I mean, the guy reported in the OP was probably thinking of two Roman legions fighting each other, but …

I'll admit that the very first time I looked at DBAnything I was put off when I realised that all sorts of troop types were just going to end up classed as 'Knights', 'Psiloi', etc.

The thing is though that reading actual history books tends to challenge the wargamey idea that there would be wild differences between the same tactical type across cultures in real life. Differences in quality, yes. Mostly though tactical types would be good or bad in relation to the type they were fighting, rather than in an overall sense.

Some other historical systems perhaps differentiate so much that they become more like a fantasy, or really mythological, game. Which is fine – different systems, different entertainments.

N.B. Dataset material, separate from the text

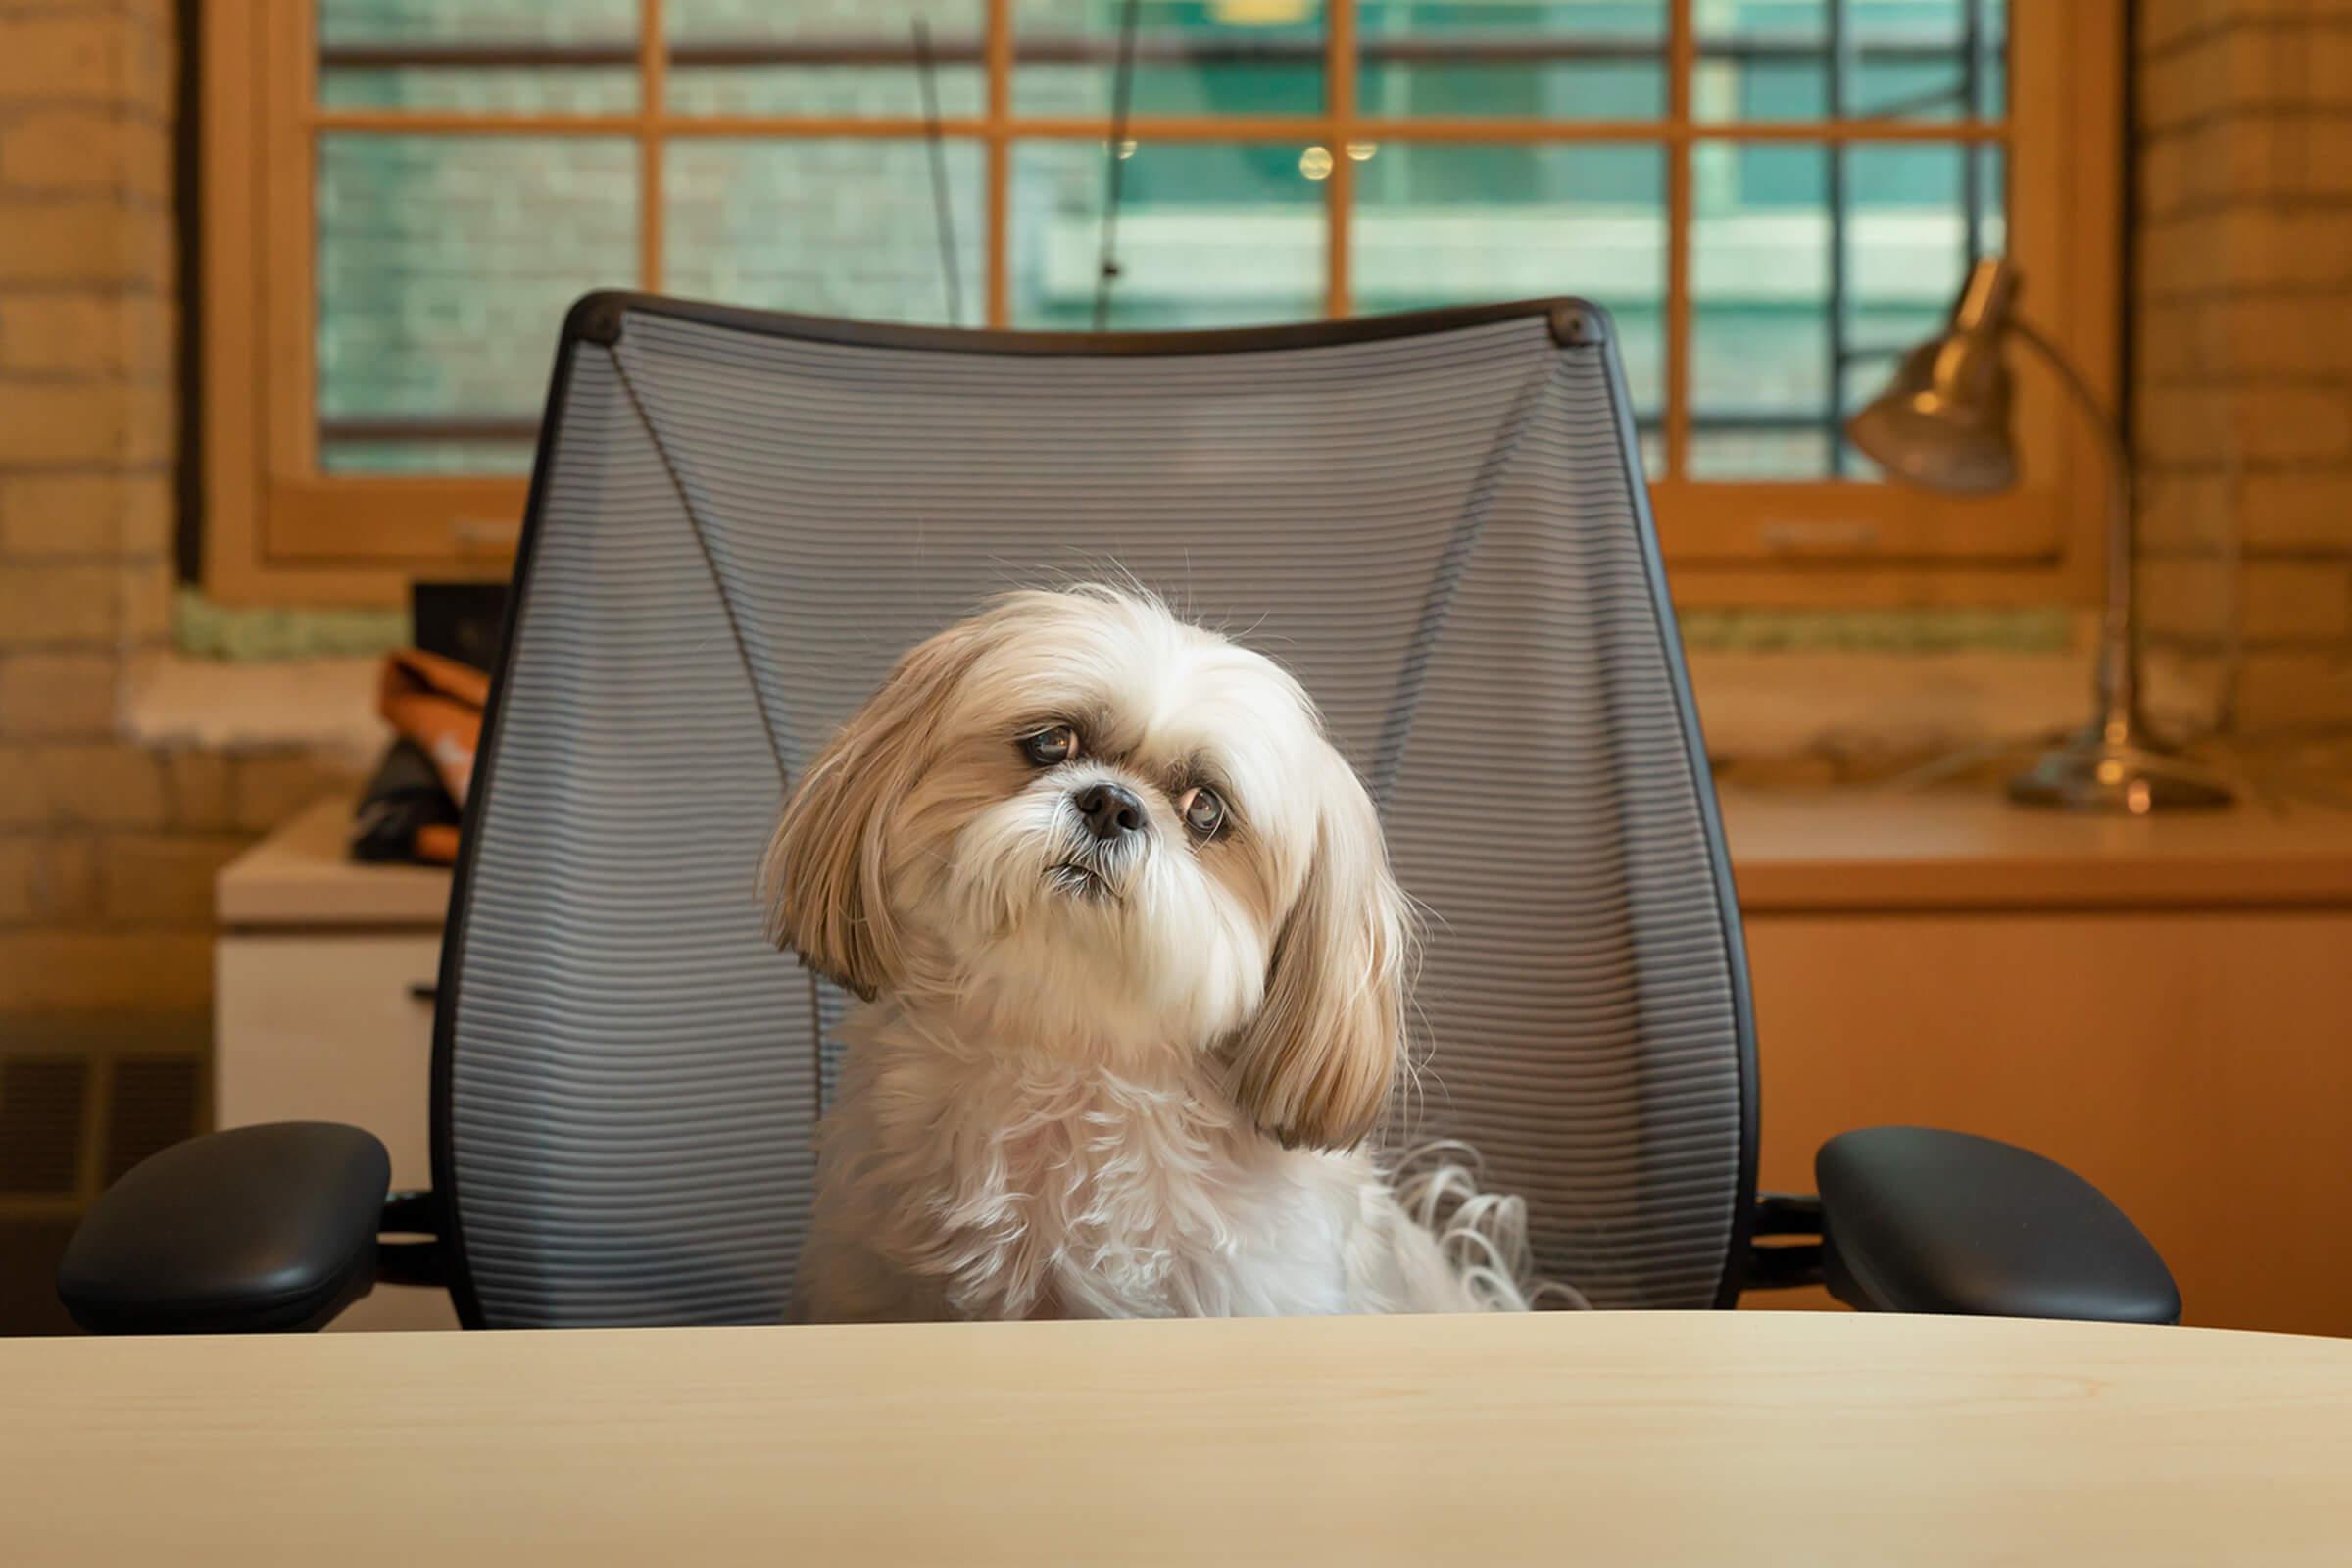 Shih Tzu dog in Toronto office

freecloud04 Oct 2017 9:06 a.m. PST

IME ancient/medieval has more variety than any other period:

- Greater variety of weapons in any one army before WW2,
- Sheer variety of different armies with different compositions is unparallelled
- The unit quality differences of any period

But so many people start with Republican or Early Imperial Romans and their barbarian enemies, or Dark Age warband forces which are some of more samo-samo armies.

PS I love the 7YW but it's attractionn to me is that it is quite "samo samo" and so it really is General v General and maximising small differences in unit qualities.